Every line of the material below needs to be copied exactly; omit the pictures.
** The data follows **
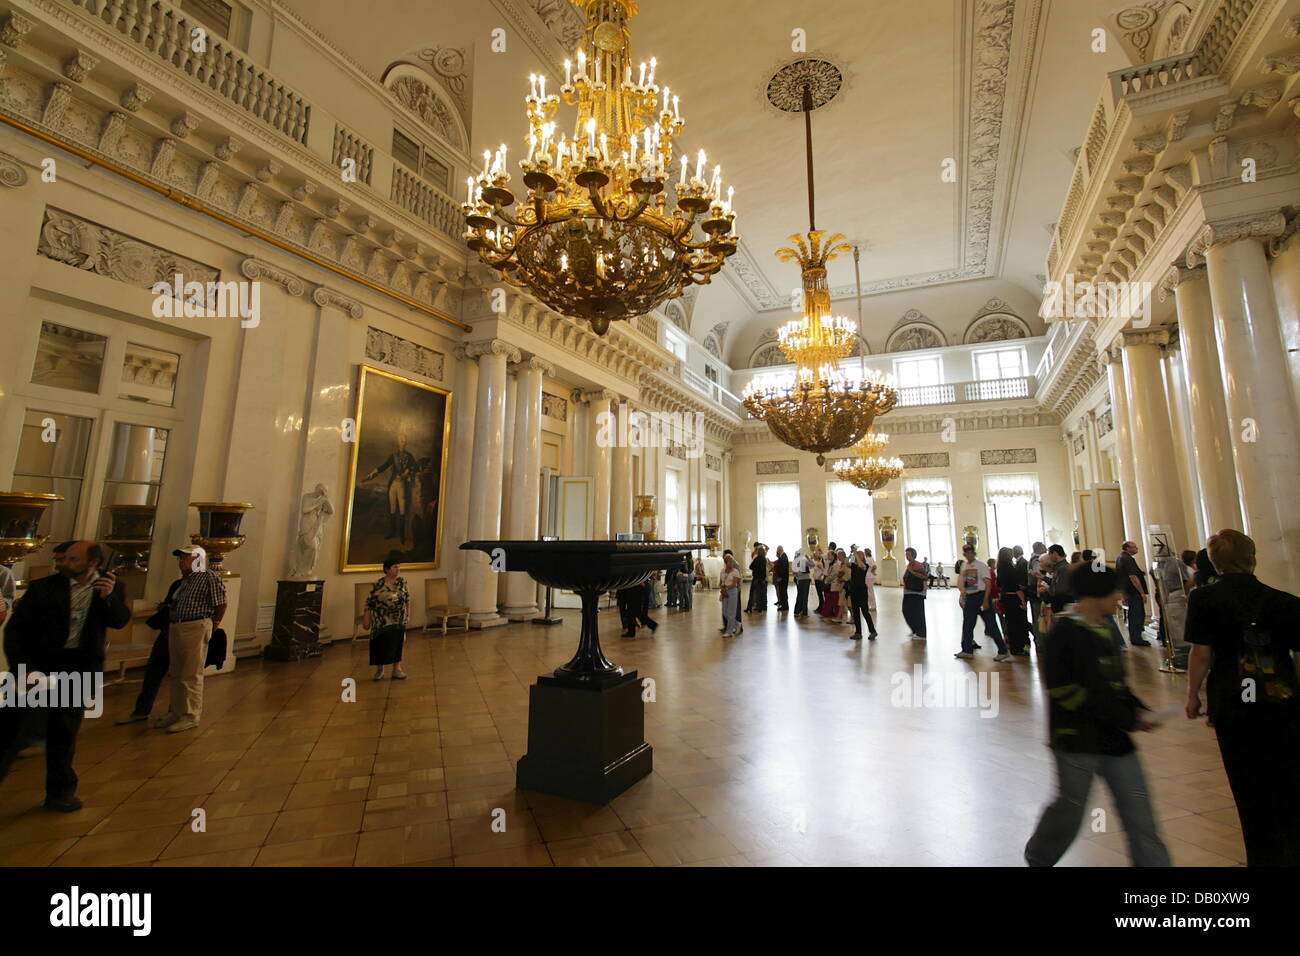 Besucher schauen Sie sich die nationalen Eremitage in St. Petersburg, Russland, 6. Juli 2007. Die Eremitage ist eines der größten und bedeutendsten Kunstmuseen der Welt. Mehr als 60,000 Werke sind in 1000 Hallen ausgestellt. Die Kunstsammlung wurde von Catherine II von Rußland im Jahre 1764 gegründet. Foto: Peter Kneffel Stockfoto
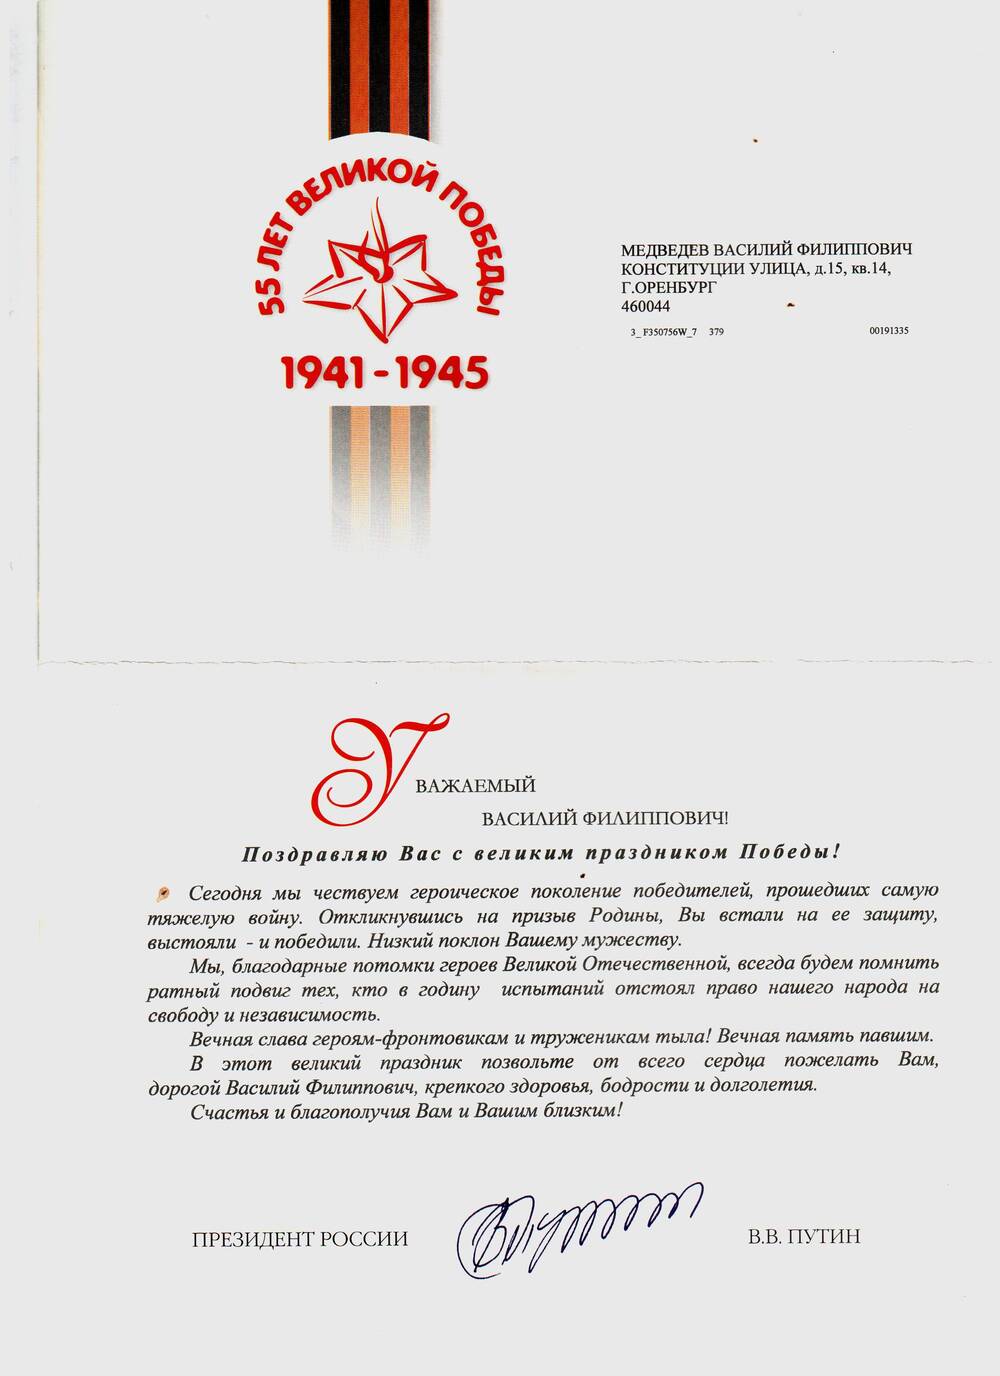 Поздравление Медведева Василия Филипповича с 55-летием Победы.
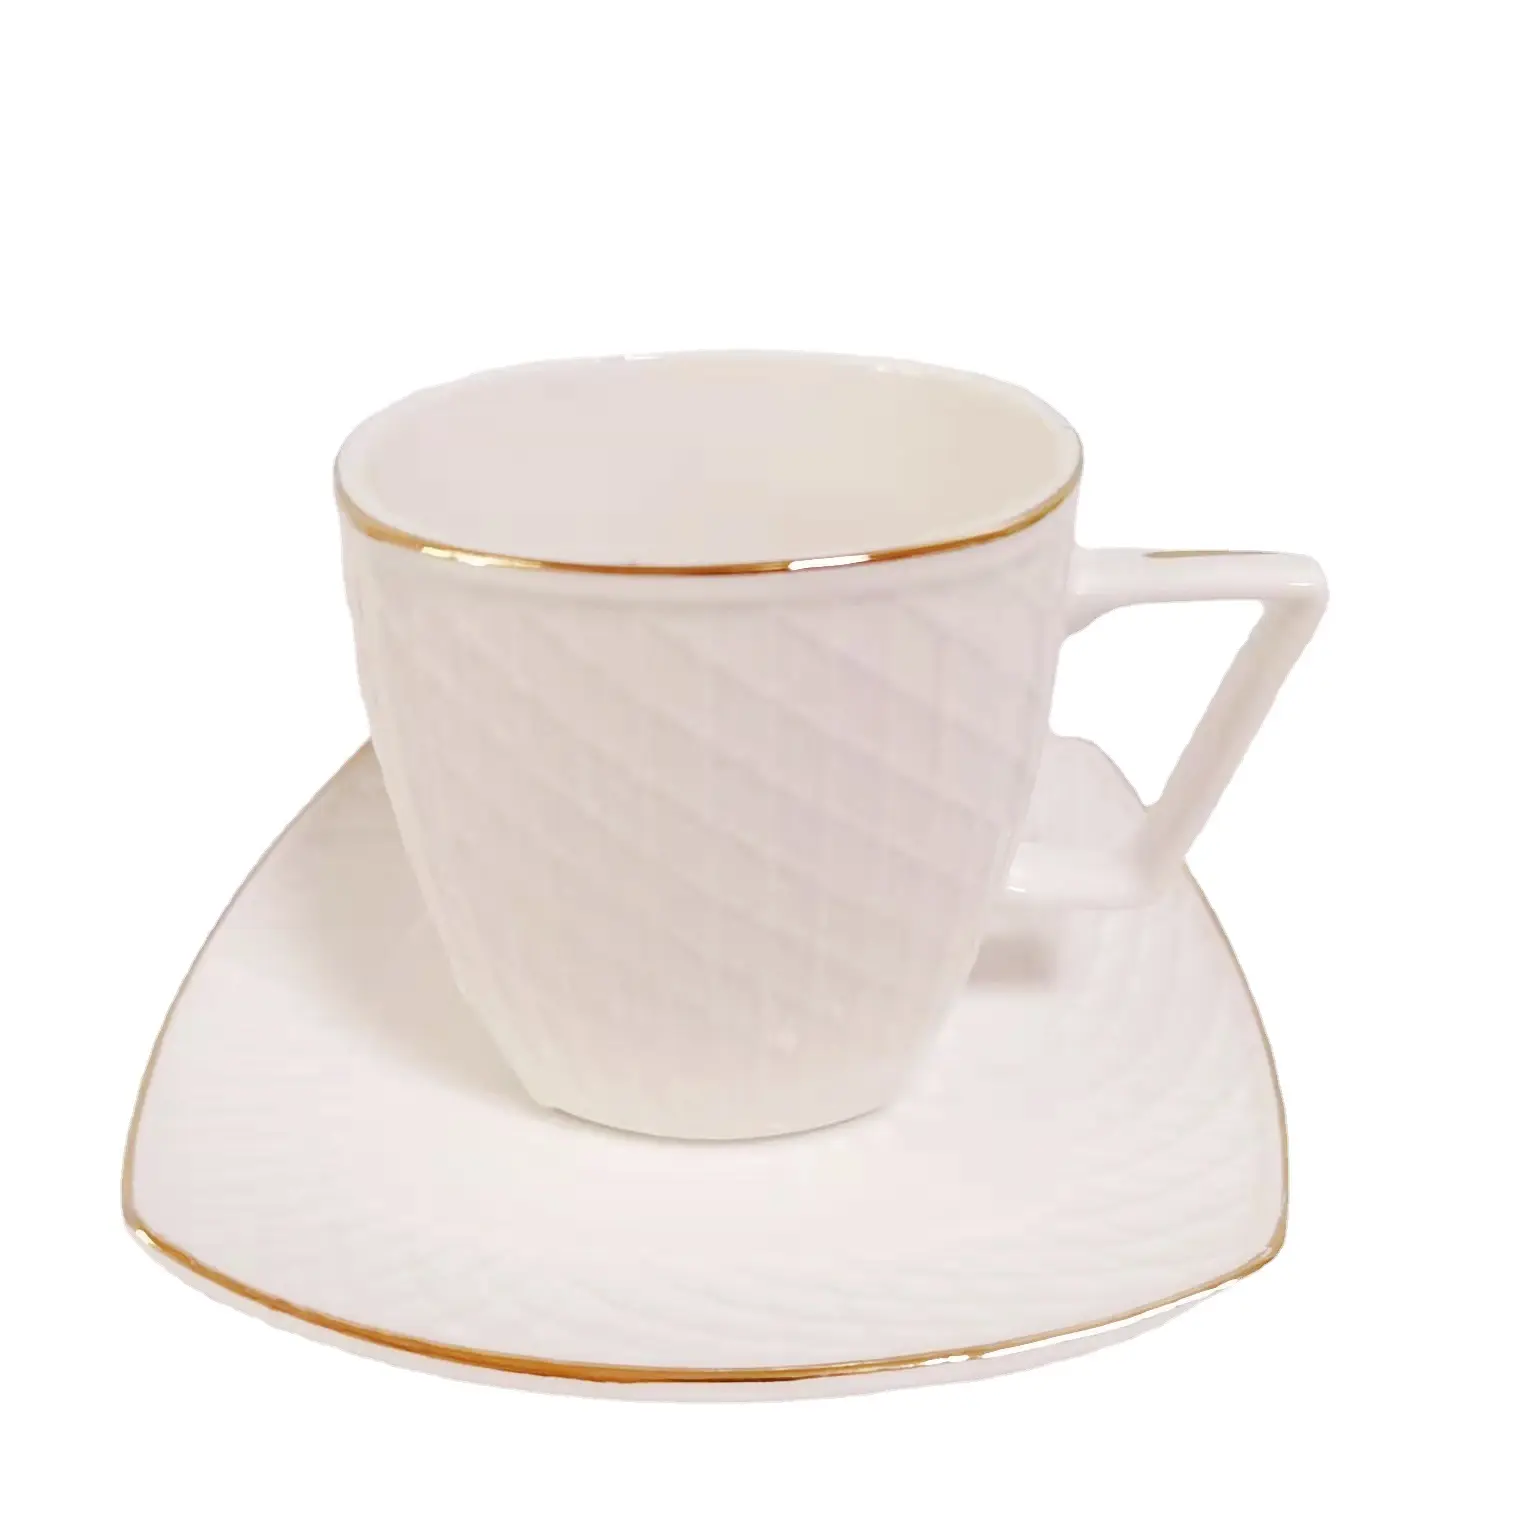 Простая белая керамическая кофейная чашка с золотым тиснением, набор кофейных чашек и блюдца
** End of The data **
### Solution for this task:
 Besucher schauen Sie sich die nationalen Eremitage in St. Petersburg, Russland, 6. Juli 2007. Die Eremitage ist eines der größten und bedeutendsten Kunstmuseen der Welt. Mehr als 60,000 Werke sind in 1000 Hallen ausgestellt. Die Kunstsammlung wurde von Catherine II von Rußland im Jahre 1764 gegründet. Foto: Peter Kneffel Stockfoto
 Поздравление Медведева Василия Филипповича с 55-летием Победы.
 Простая белая керамическая кофейная чашка с золотым тиснением, набор кофейных чашек и блюдца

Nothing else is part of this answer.